Nervousness, or in English system nervousness, is one of the main causes of the whip effect. Unfortunately, the more nodes in the supply chain, the greater the supply chain variability and therefore the more complex the supply chains, the greater the impact of variability on delivery times, service levels and inventory levels.
In fact, the MRP is a useful tool, which today, however, can be helped by the DDMRP in the management of modern supply chains that are more complicated. For this reason, parameters have been introduced that unfortunately are sometimes confusing; each parameter distorts real demand and creates a forecast error, which increases with increasing bill levels. Added to this is the fact that the planner signal, based on the forecast, moves production orders whenever it is changed. This happens every time the MRP is launched and is an effect called system nervousness. The combination of these two effects means that the company has no visibility into what it really has to produce. Producing without visibility into the future increases stocks and stock-outs occur.

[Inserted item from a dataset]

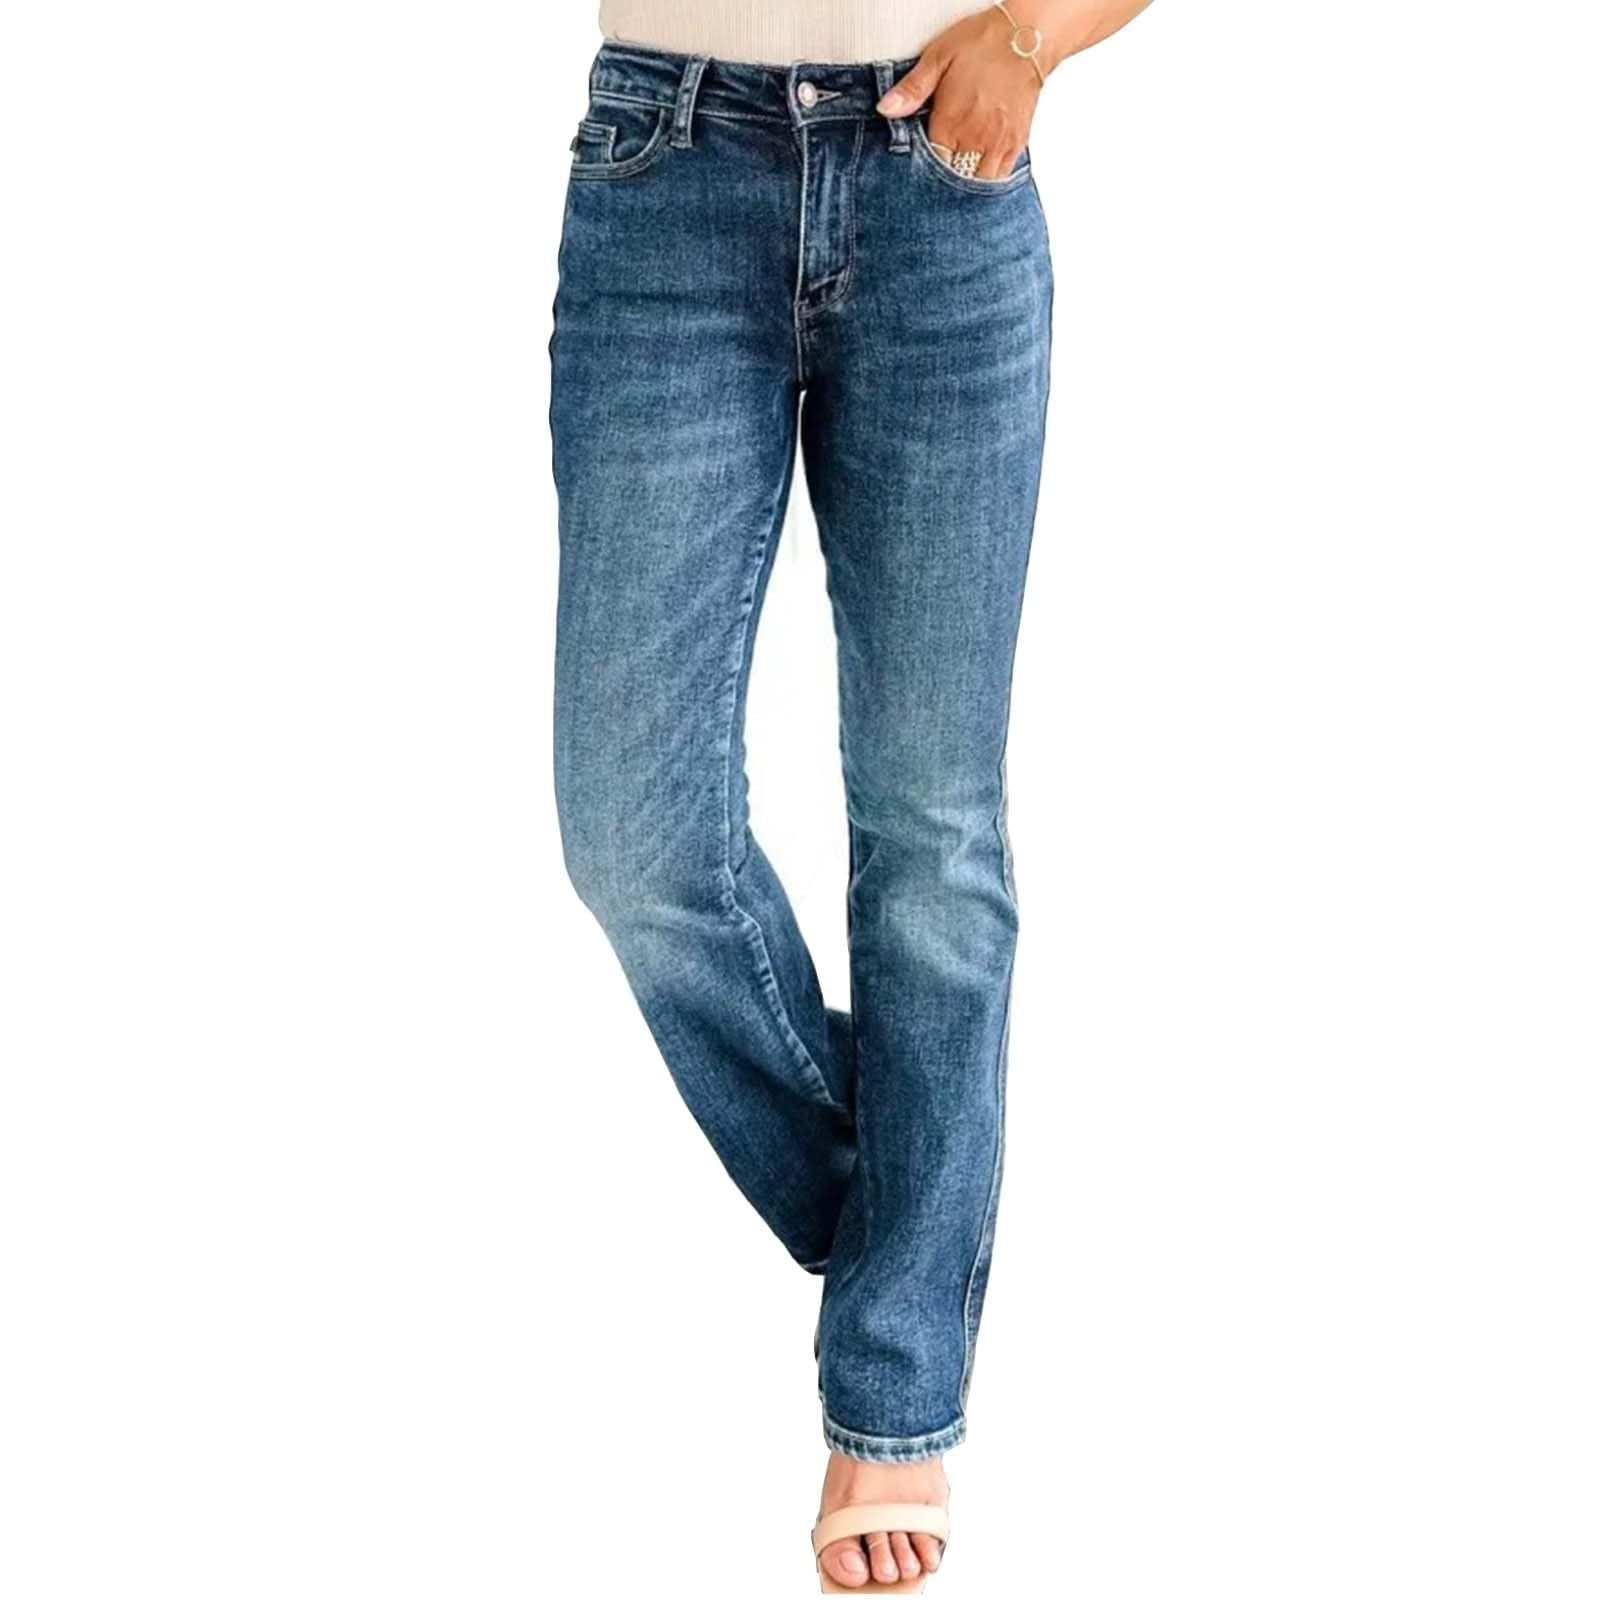 Ogiraw Pants for Women Jeans for Women Jeans for Women Trendy Women’S ...
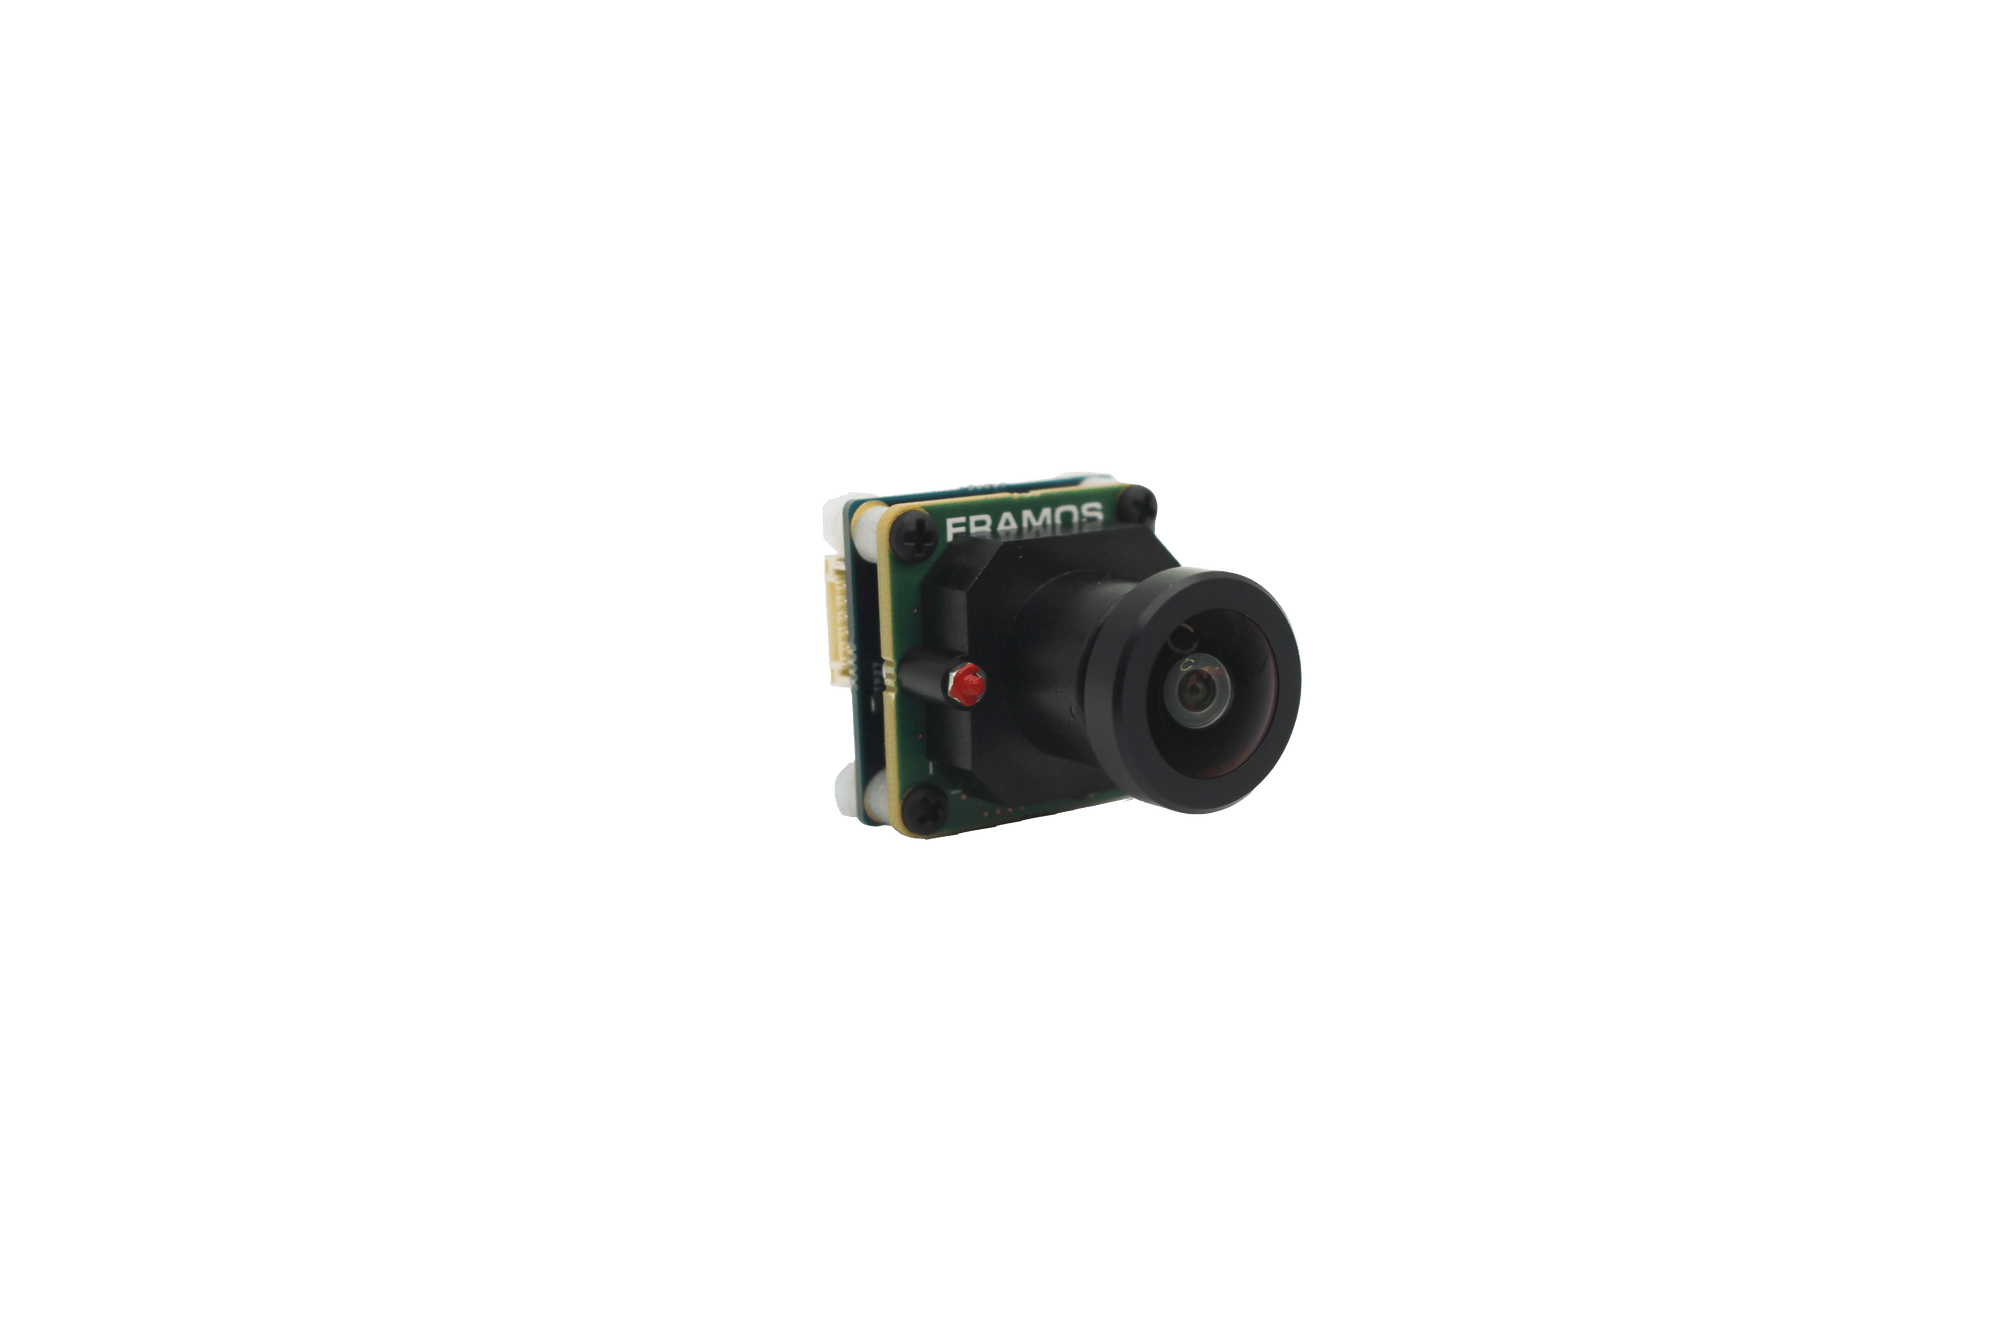 ModalAI, Inc. Accessory (BETA) 4k High-resolution, Low-light Sensor for VOXL® (Starvis IMX412 w/ M12-style Lens)

The problems of the Forrester effect
As mentioned, unfortunately the Bullwhip effect has negative consequences on supply chains, in particular:
- Excessive stock levels and upstream of the production chain;
- Frequent injections;
- Ineffective sales forecasts;
- Constantly changing production plans;
- Offsets and delays.
These are the main symptoms of the Bullwhip effect, but fortunately today there are solutions that can drastically reduce, almost nullify, this phenomenon in the manufacturing sector.
How can the Bullwhip effect be reduced? The modern DDMRP solution
DDMRP manages to avoid this phenomenon thanks to the management of materials through buffers that reduce overall variability.
More specifically, DDMRP does not replace MRP but adapts it to the needs of modern supply chains. Instead of being forecast driven like MRP, DDMRP is demand driven and uses strategic decoupling points to dampen the effect of supply and demand signal distortion leading to the bullwhip effect.
DDMRP solution benefits
The DDMRP gives real and tangible benefits to the companies that adopt it, so much so that to date hundreds of manufacturing companies have implemented it. In fact, the benefits obtained by users speak of:
- Reductions in delivery times of up to 80%;
- Stock reductions of 40%, on average;
- 30% increase in sales.
Learn how to eliminate the Bullwhip effect
Today, manufacturing companies control and eliminate the Forrester effect thanks to the use of modern and advanced Demand Driven MRP (DDMRP) software, thanks to which they can plan the supply of materials in an advanced way. Find out how to equip your company with this tool and how to integrate it perfectly within your company, ask for information from a DDMRP expert.